I’m not trying to flatter myself, I’m actually grieving over the effort in putting Crux — as I like it — on a 586 machine when ConnochaetOS does such a great job with almost no effort at all.

And honestly, as someone who migrated from Ubuntu to Arch to Crux, this is my ideal answer to the issue of running a lightweight system on a terrifically out-of-date machine.

I’ve wanted Arch to run on sub-Pentium IIs for years now, and I rejoice everyone puts together a i586 branch. Lowarch led the pack a while back, followed by a few independent efforts, and most recently the dearly departed archlinux-i586.org.

So yes, this may be just the latest in a long string of attempts to keep an i586-based version of Arch moving. And yes, this may be just the latest in my long string of excited attempts to keep my i586 machine moving with Arch.

But this comes off the slow dissipation of the DeLi Linux project, and might be able to carry momentum for a while. There are a lot of factors at work though. 😦

Regardless, it’s still very exciting to watch a 150Mhz machine come to life and dash through the Arch startup sequence. The thrill of that might always outlast an Arch-for-i586 project.

I should mention a few caveats.

First, as best I can tell ConnochaetOS is still in its early stages. The package list is very sparse. Installing from the ISO is going to give you Fluxbox and a few options, and not much more. No vim. No emacs. Only nano. 😯

So if you’re looking for the entire Arch Linux suite plus AUR …well, it’s not quite ready yet. Of course, with Arch, you’re only a few moments away from building whatever package you want, and stepping slowly through dependencies that way.

(Note that you’ll have to download the Arch PKGBUILD and install files from the Arch website, then edit the PKGBUILD to allow the i586 architecture to build. And even then it might need some tightening up.)

Next, I should mention that I installed to a virtual machine and copied across USB with dd, as is the case for most of the distros I test these days. I have a feeling that the ConnochaetOS ISO would boot alright, but I saw no reason to tempt fate. It’s just as easy the other way, and probably faster.

Finally, performance is very nearly what I get from Crux, with a few small concessions. I carve up rc.conf and inittab as a matter of course, and as you can see, I went through the work of building Musca and dmenu-xft, just because.

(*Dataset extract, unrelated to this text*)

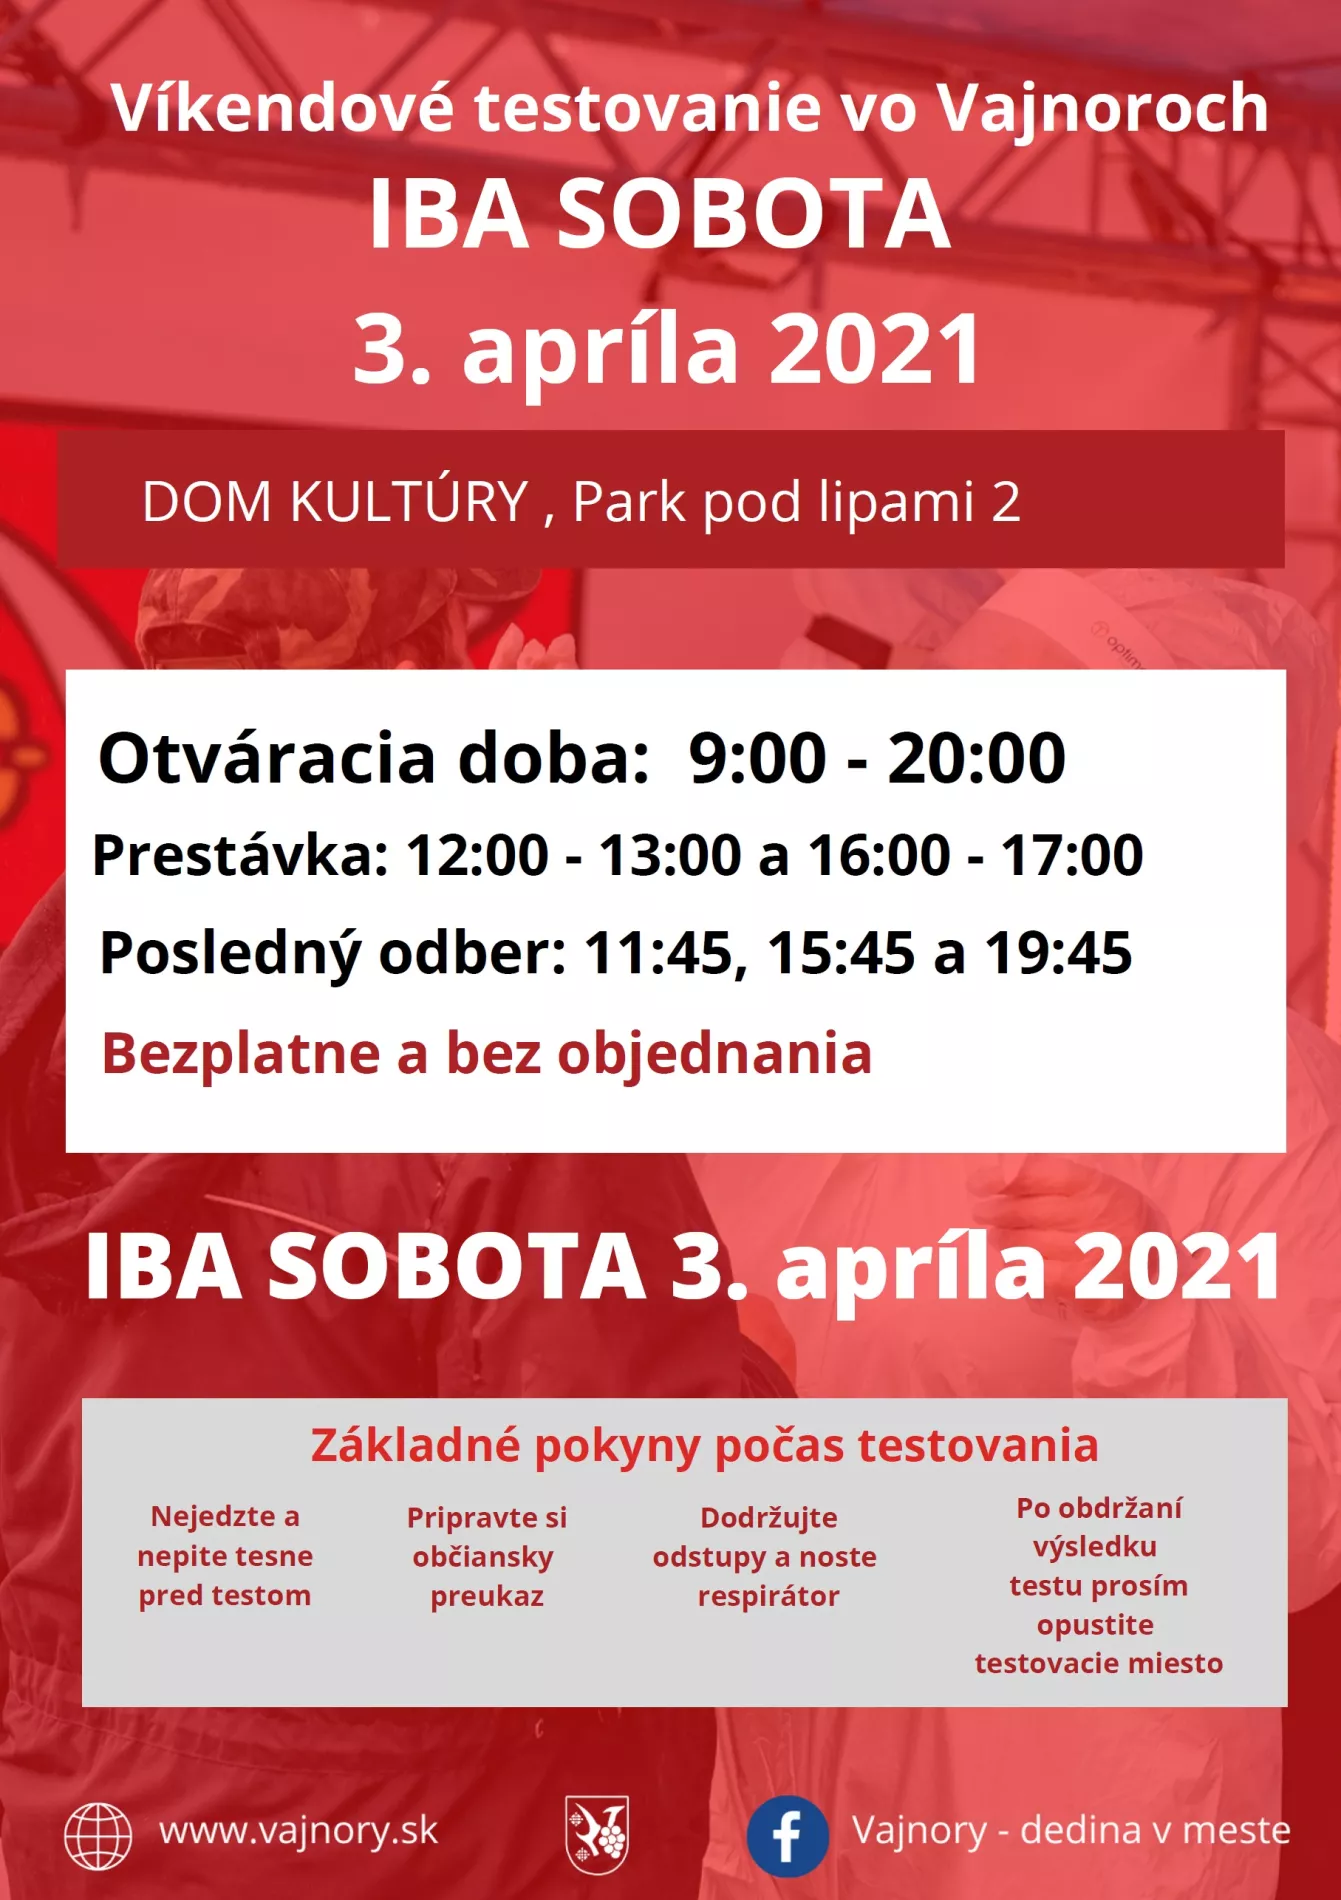 Najbližší víkend bude testovanie vo Vajnoroch bez objednania IBA V SOBOTU 3. apríla 2021

Occasionally though, I get some rough spots where ConnochaetOS seems to be dragging through something. I am accustomed to using my Crux build of Musca so I have a feel for its relative speed, and at times ConnochaetOS seems to be thinking very, very hard about something very, very important. 😕

Of course that wouldn’t be any different from any other machine that I’ve seen run both Crux and Arch though: Crux is a good step faster than Arch for me, and probably because so much of it is whittled down to nothing.

So I don’t fault ConnochaetOS for inheriting the (infinitesimally minor) shortcoming of its progenitor. Because on the whole, this is really great stuff.

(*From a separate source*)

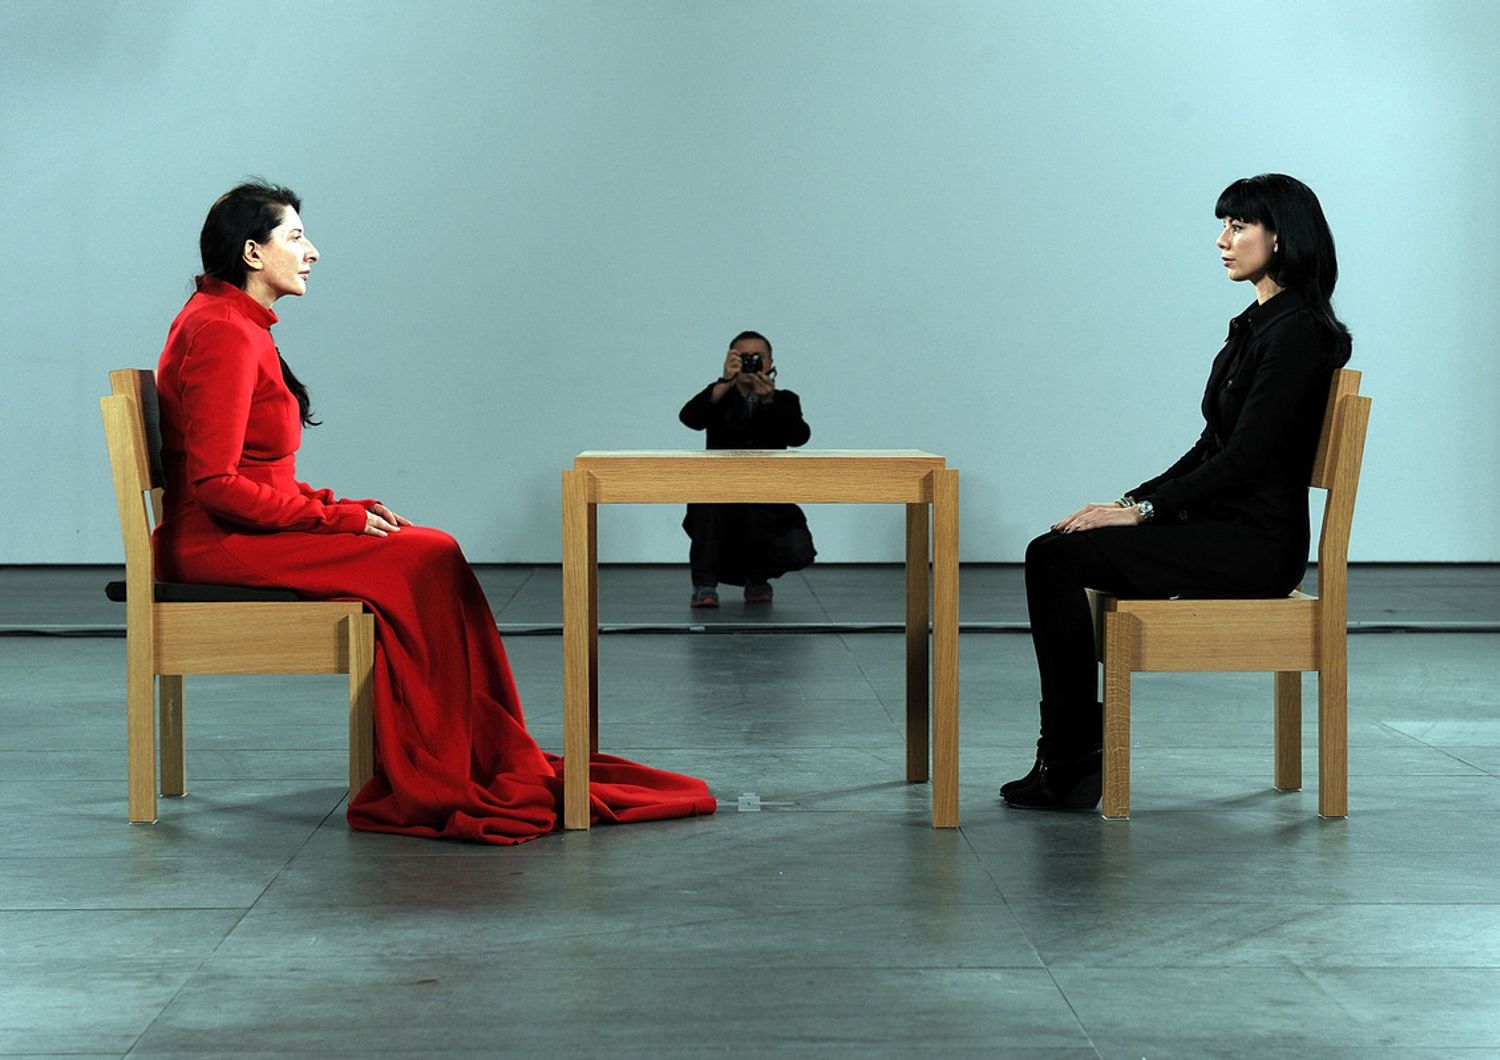 &nbsp;La performance di Marina Abramovic 'The artist is present' al Moma di New York nel 2010

It found my network card, configured it and connected to my wireless network without prodding — and without wireless-tools (which is possible with an orinoco-cs-driven card. Believe it or not). 😯

It managed to make the transition between the emulator and the actual system without losing track of the hard drive, although I did hope for that when I picked the /dev/kernel drive assignment option at installation.

Video-wise, I did have to build my own xorg.conf file and adjust it to avoid the fbdev and trident drivers, and go with vesa. And I need to check to see if this will handle the tridentfb module, like archlinux-i586.org could.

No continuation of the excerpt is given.